Errol Morris's Secret Weapon for Unsettling Interviews: The Interrotron - prawn
http://www.fastcodesign.com/1663105/errol-morriss-secret-weapon-for-unsettling-interviews-the-interrotron
======
pierrec
" _Think about it: How does Morris get such penetrating interviews if the
interviewee is just looking at a camera? If they 're looking into the lens and
not at Morris, it would be hard for Morris to get anything like the
unsettling, revealing, startlingly personal interviews that are Morris's bread
and butter. Would you tell a flat piece of glass about the biggest mistake you
ever made in your life?_"

This is formulated to sound as convincing as possible without any evidence,
but I don't buy it at all. The recent documentary "Human" is full of heart-
rending interviews of people having emotional breakdowns and looking straight
at the camera. I'm quite sure they did not use any such mirror system.

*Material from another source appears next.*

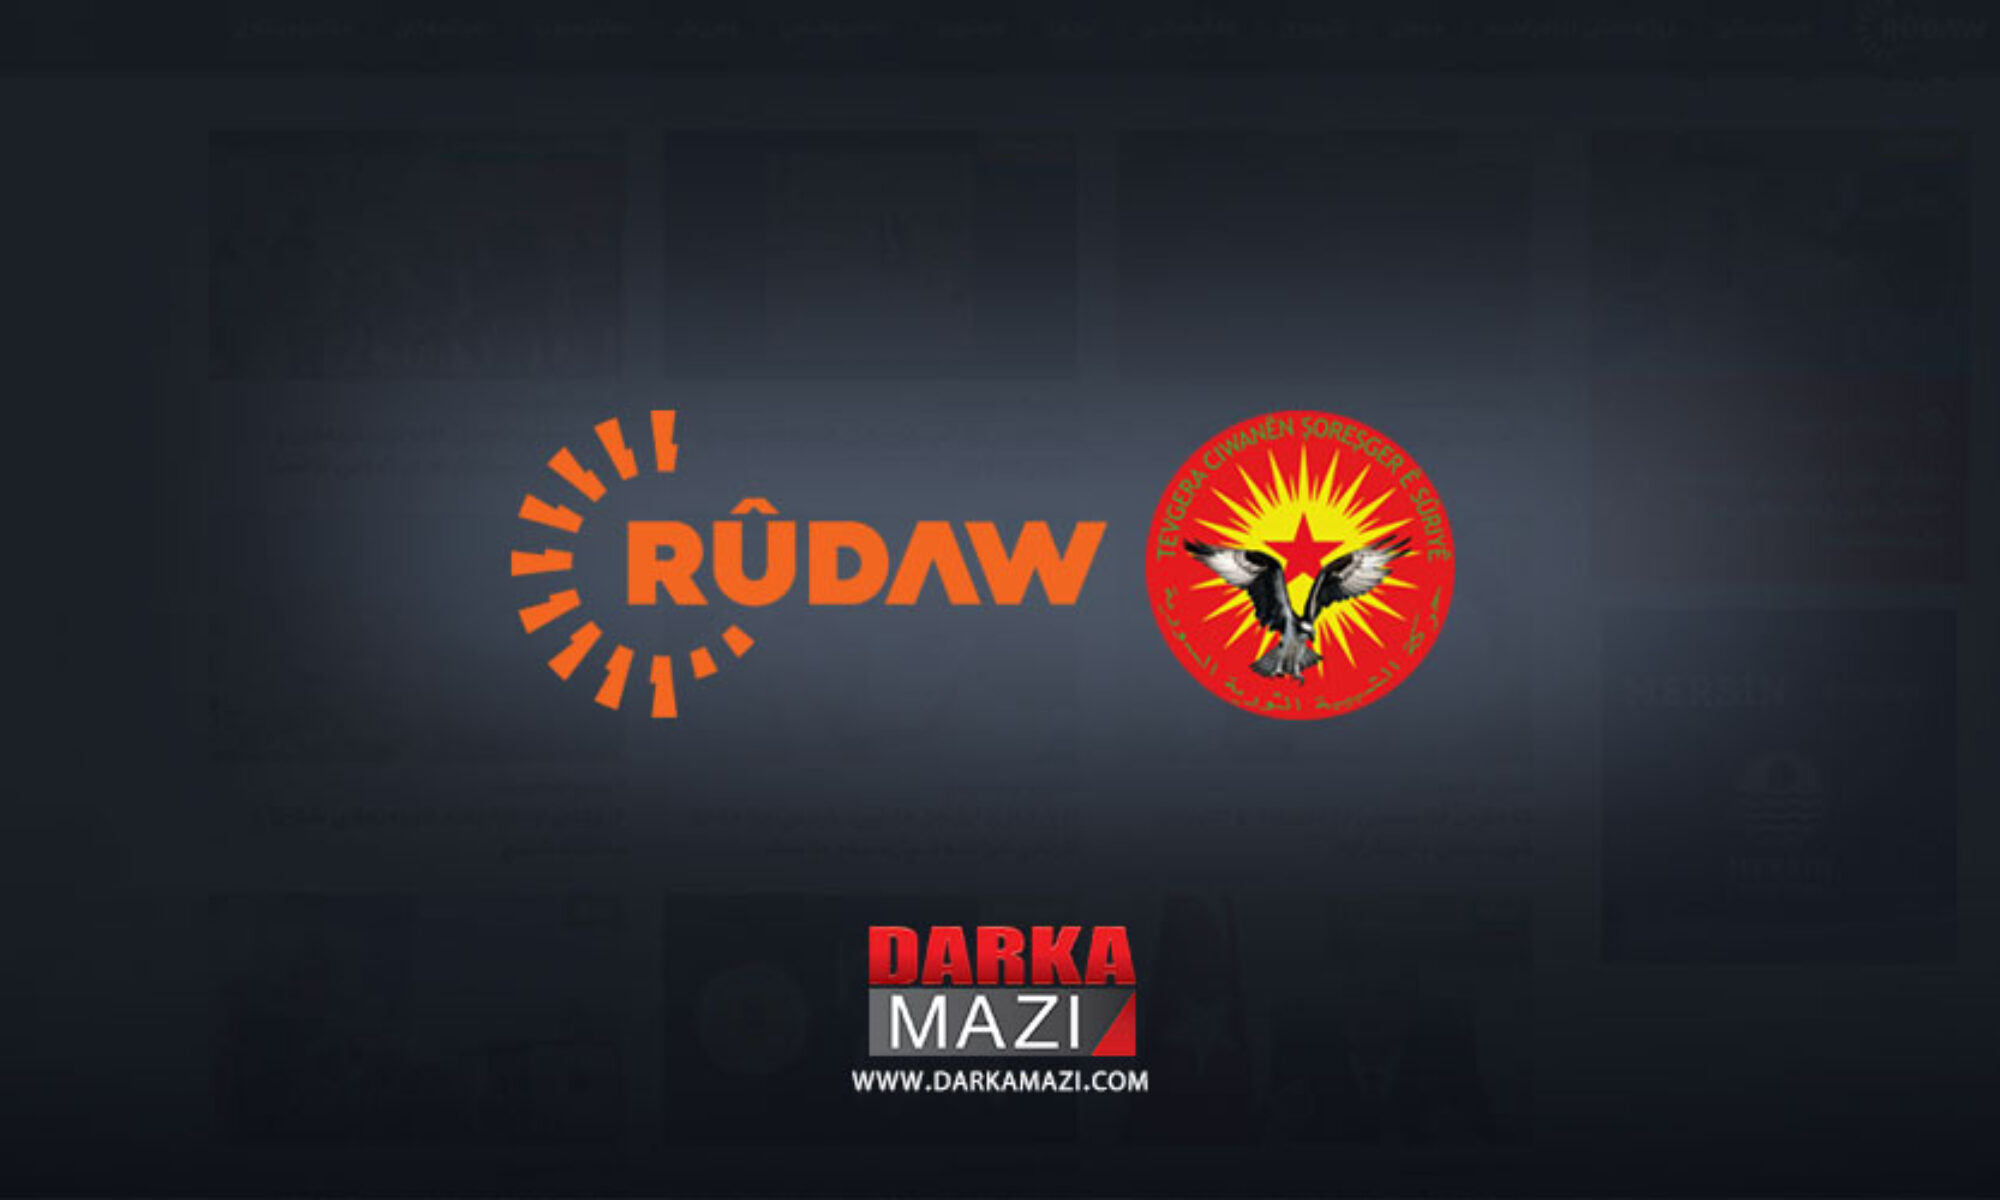 Rudaw’ın Qamışlo’daki ofisine saldırı genel bir konseptin parçası mı, işler nerden koordine ediliyor? ENKS, PKK; KCK; Cıwanen Şoreşger,

You can
occasionally see the interviewee glancing sideways at the interviewer, but if
anything, it seems that talking to a camera gives them the strength to talk
about personal things in an unusually powerful way. (Disclosure: I know some
people on the production team and have done a bit of work on their website)

[https://www.youtube.com/watch?v=vdb4XGVTHkE](https://www.youtube.com/watch?v=vdb4XGVTHkE)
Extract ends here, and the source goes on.